Dans tout le pays, le gouvernement et le personnel médical transforment les salles de classe, les dispensaires ou les complexes sportifs en salles d’opération improvisées où des garçons, certains âgés de neuf ans à peine, prennent un ticket et attendent leur tour.
La pression sociale est telle qu’en tagalog, la langue nationale philippine, « non circoncis » (supot) est une insulte synonyme de lâche. « Le mot ‘supot’ implique qu’on est différent… qu’on est un lâche parce qu’on n’a pas le courage de supporter la douleur et de surmonter sa peur », souligne le professeur Romeo Lee, de l’Université de La Salle à Manille, qui a mené des recherches sur cette tradition.

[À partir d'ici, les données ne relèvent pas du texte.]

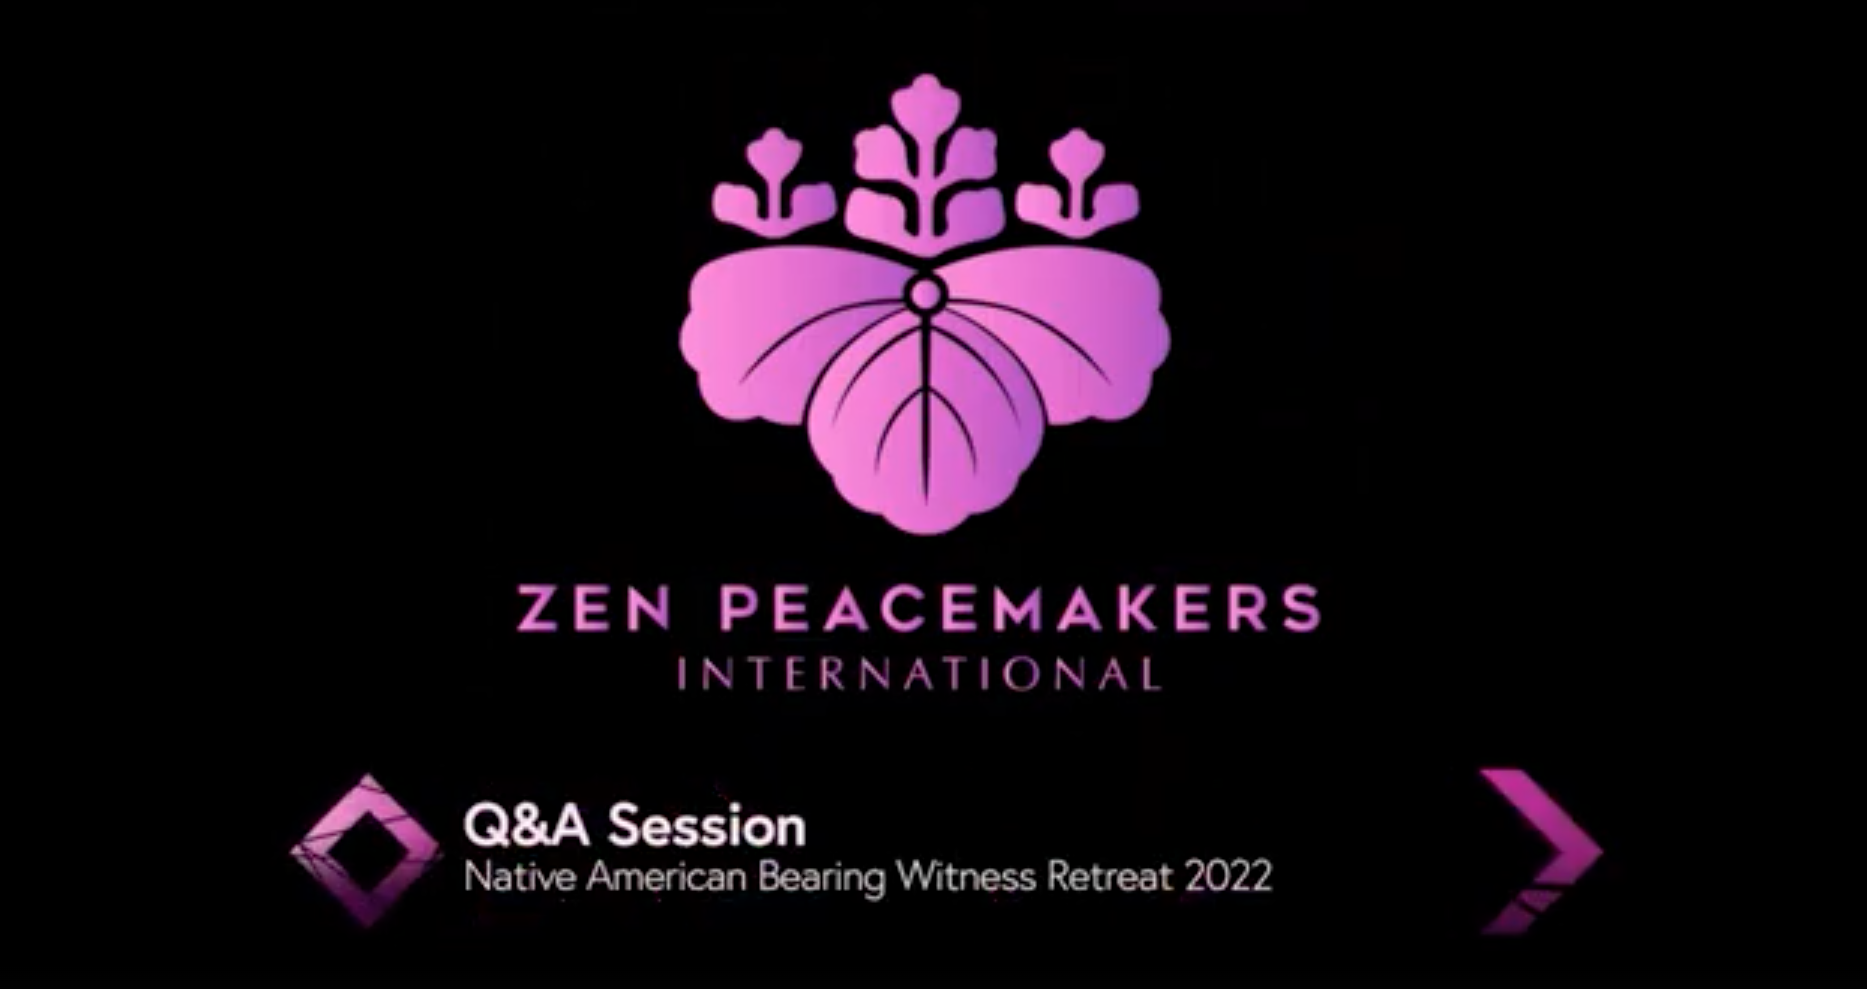 Q&A Session for Native American Bearing Witness Retreat 2022
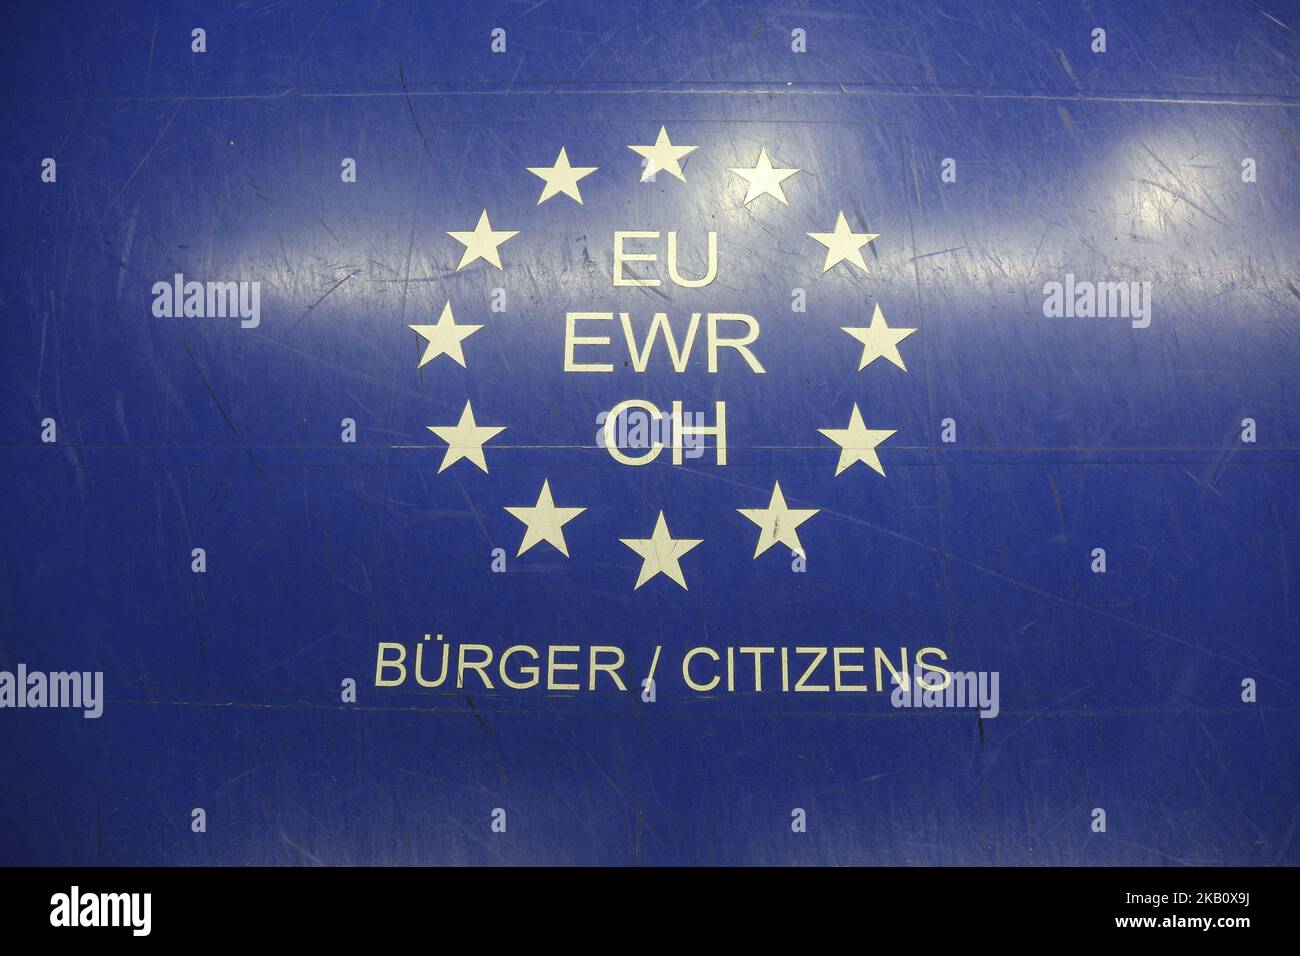 EU citizen signs at the arrivals in Dusseldorf International Airport in Germany. There are special lanes to passport control, immigration for EU citizens - eu / ewr / ch. The signs are separating lines between All Passports, EU, Schengen passports or Other Nationalities. (Photo by Nicolas Economou/NurPhoto) Stock Photo

Ses racines remontent à l’arrivée de l’islam dans le pays en 1450, selon l’anthropologue Nestor Castro. Et même après que les Philippines sont devenues un pays majoritairement chrétien pendant trois siècles de domination coloniale espagnole, cette pratique a perduré comme un rite culturel.
La circoncision est plus répandue dans des pays qui ont d’importantes communautés musulmanes ou juives, et moins dans des nations à majorité catholique. Depuis dix ans, cette pratique est devenue de plus en plus controversée, à mesure que le mouvement anti-circoncision gagnait de l’ampleur dans le monde.
Ses détracteurs la considèrent inutile du point de vue médical, voire l’assimilent à une violation des droits de l’enfant car elle est pratiquée surtout à un âge où le garçon opéré ne peut pas donner son consentement en toute connaissance de cause.
« Je suppose qu’à 18 ou 19 ans on a la capacité de se renseigner et de donner son accord après mûre réflexion », estime John Geisheker, porte-parole de l’ONG américaine Doctors Opposing Circumcision. « Mais il est évident qu’à 8 ou 10 ans ce n’est pas le cas… C’est tout simplement de la maltraitance », dit-il.
Aux Etats-Unis, où pendant des décennies la pratique de la circoncision, essentiellement pour des raisons sanitaires, a concerné une grande majorité des hommes, elle recule depuis les années 1980, comme ailleurs dans le monde anglo-saxon.
Mais l’OMS la recommande dans ses programmes de lutte antisida en Afrique australe: des signes montrent que la circoncision, pratiquée en toute sécurité, réduit le risque de transmission hétérosexuelle du virus du sida dans les zones d’épidémie, indique l’Organisation.
Aux Philippines, l’ablation du prépuce a une valeur très spécifique dans la culture du pays, relève M. Castro, l’anthropologue. « Un gamin circoncis n’est plus traité comme un jeune garçon, on lui donne des responsabilités plus adaptées à un adulte dans la famille et la société », explique-t-il à l’AFP.
« Un rite de passage est généralement accompli de manière collective », ajoute-t-il. « Il y a toujours un groupe de garçons qui grandit ensemble, va à l’école et est circoncis en même temps ». L’opération coûte entre 40 dollars et 240 dollars quand elle est pratiquée à l’hôpital, l’équivalent d’un mois de salaire pour un ouvrier à Manille.
Pour les garçons de familles pauvres, les séances collectives organisées gratuitement par le gouvernement sont la seule solution. La plupart y vont de bon gré et en sont fiers. « Passer l’épreuve de la circoncision a fait de moi un adolescent à part entière », affirme Erwin Cyrus Elecanal, qui protège de sa main son pénis entouré d’un pansement. « Désormais, je vais être plus mûr et plus utile à ma famille ».